Don’t worry, none of the holes are critical, although a majority are rated “high” severity. Perhaps most noteworthy, Google has “prevented sandboxed processes from interfering with each other”, according to the security update. That’s probably a good thing, since the company touts its sandboxing as an important security feature of Chrome.
As Google explains in its Sandbox FAQ page: “The sandbox limits the severity of bugs in code running inside the sandbox. Such bugs cannot install persistent malware in the user's account (because writing to the filesystem is banned). Such bugs also cannot read and steal arbitrary files from the user's machine.” You certainly don't want any interference with that process.

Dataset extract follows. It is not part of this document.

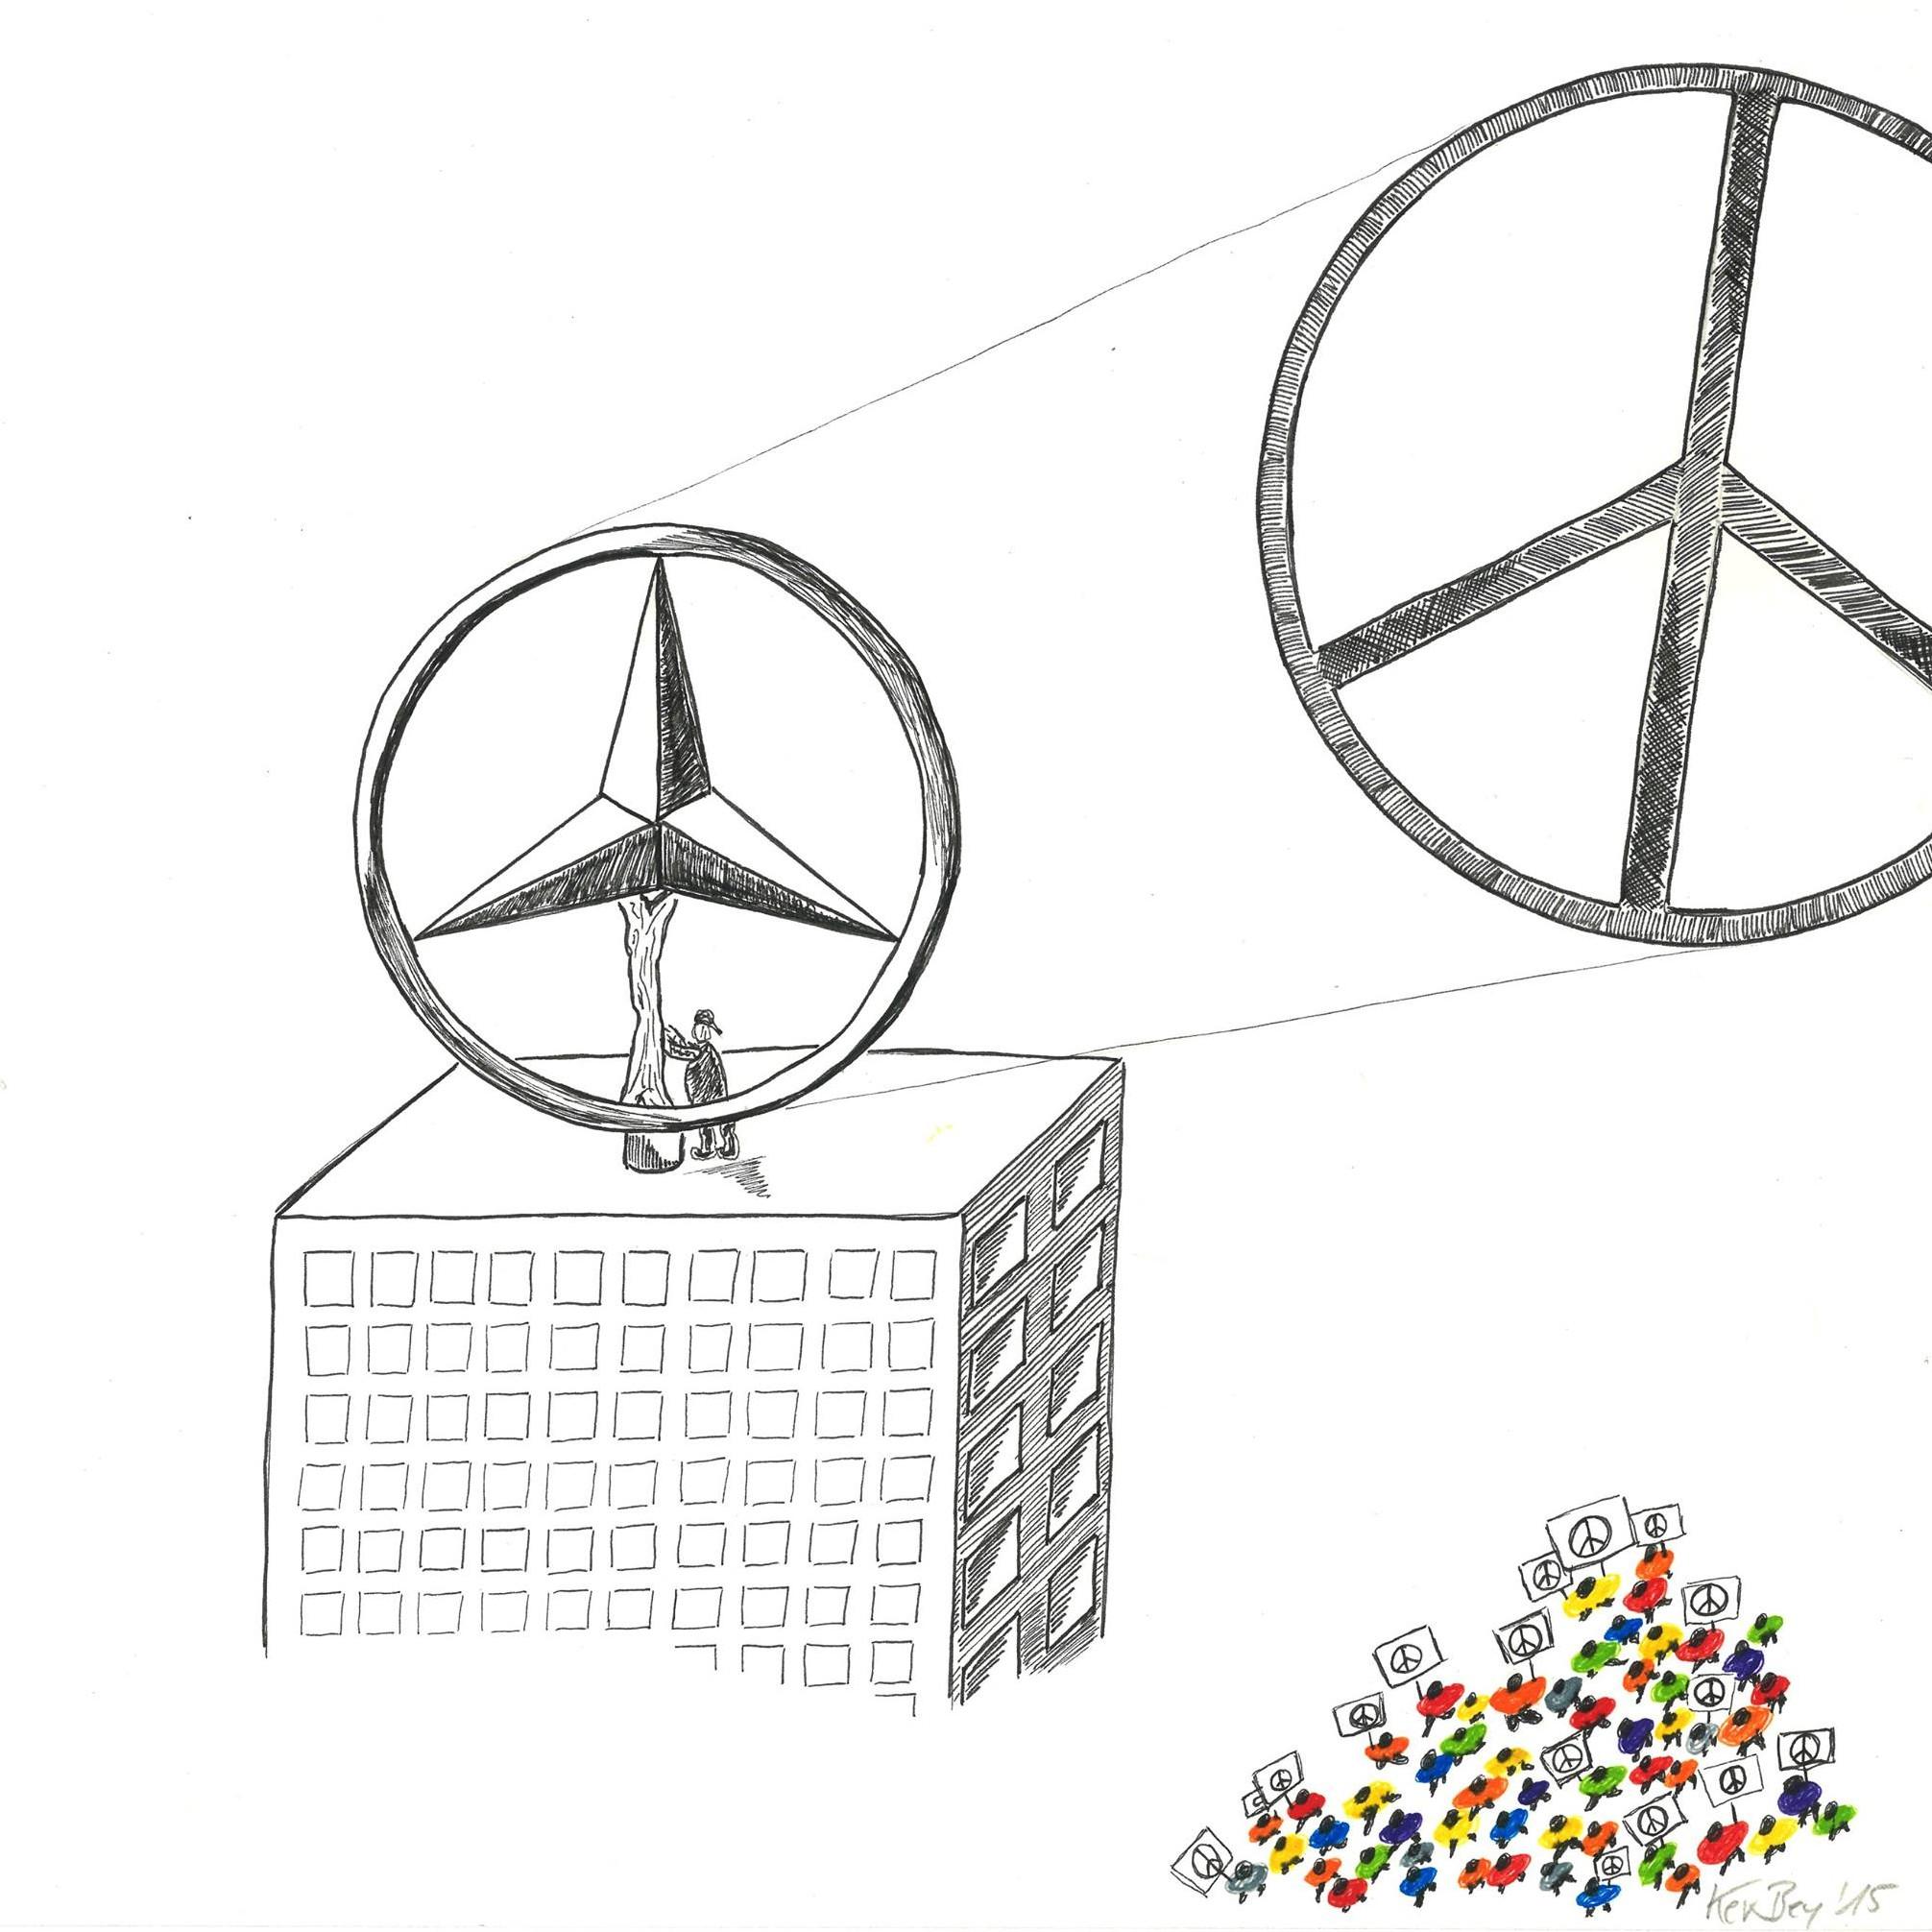 Kerstin Carolin Beyer, Refugees, Peace, Hate, Drawing, Flüchtlinge Deutschland, Flüchtlingshilfe

Other "high" severity flaws plugged by Google in Chrome 20 include a number of use-after-free issues, such as in table section handling, counter layout, SVG resource handling, SVG painting, first-letter handling, and SVG reference handling, as well as problems with crashes in texture handling, integer overflow in PDFs, wild point in array value setting, uninitialized pointer in PDF image codec, buffer overflow in PDF JS API, integer overflow in Mastroska container, and integer overflows in lbxml.
Google paid out a hefty $11,500 in bug bounties for help with all of the fixes. Most of the bounties went to two researchers: $7,000 to “miaubiz” for help with seven bugs, and Juri Aedla with $4,000 for assistance with two bugs.